Modeling the Chemistry of Gaseous Cations Derived from Tricarbon Dioxide.

Abstract

Cations CpOq+ (p ≤ 7 with q = 1,2) and CpO3+ (p = 4-7) and corresponding neutrals are modeled by B3LYP/jun-cc-pVTZ to rationalize previous mass spectrometric observations of ion reactions with neutral C3O2. Modeling yields optimized potential energies, geometries, Mulliken spin populations, electric dipole moments, electron configurations, and thermochemical parameters. Lewis diagrams are derived. Mono- and dioxide cations typically have unbranched carbon chains, but trioxides are branched.
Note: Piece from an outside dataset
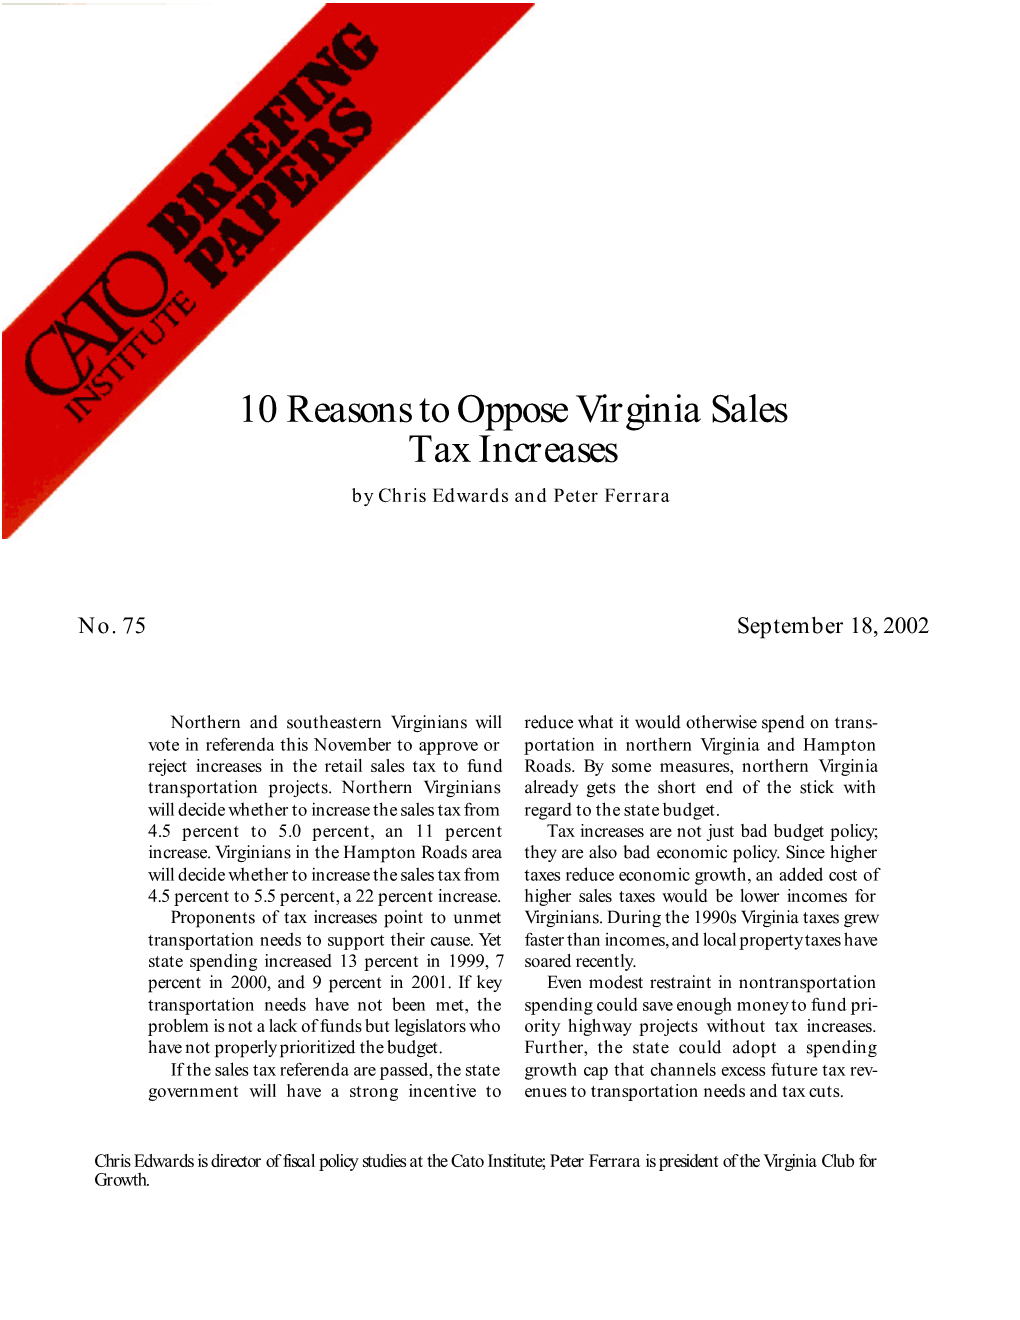 10 Reasons to Oppose Virginia Sales Tax Increases by Chris Edwards and Peter Ferrara

The ions are most stable as spin doublets, but low-lying quartets are found for monoxides with even p. For trioxide ions, the quartets for p = 5,7 are lower-lying than for p = 4,6. For neutral mono- and dioxides resulting from possible electron transfer to the ions, triplets are more stable than singlets for even p. Neutral trioxides are most stable as triplets except C5O3 with a singlet slightly more stable. Singlet C4O3 and C6O3 are unstable with respect to CO loss. Charge transfer is likely only for CpO+ (p = 1-3) and CpO3+ (p = 4, 6). Monocarbon insertion by C3O2 is understood as two sequential CO losses without a hypothetical C6O4+• intermediate and is thermochemically favorable for all ions considered.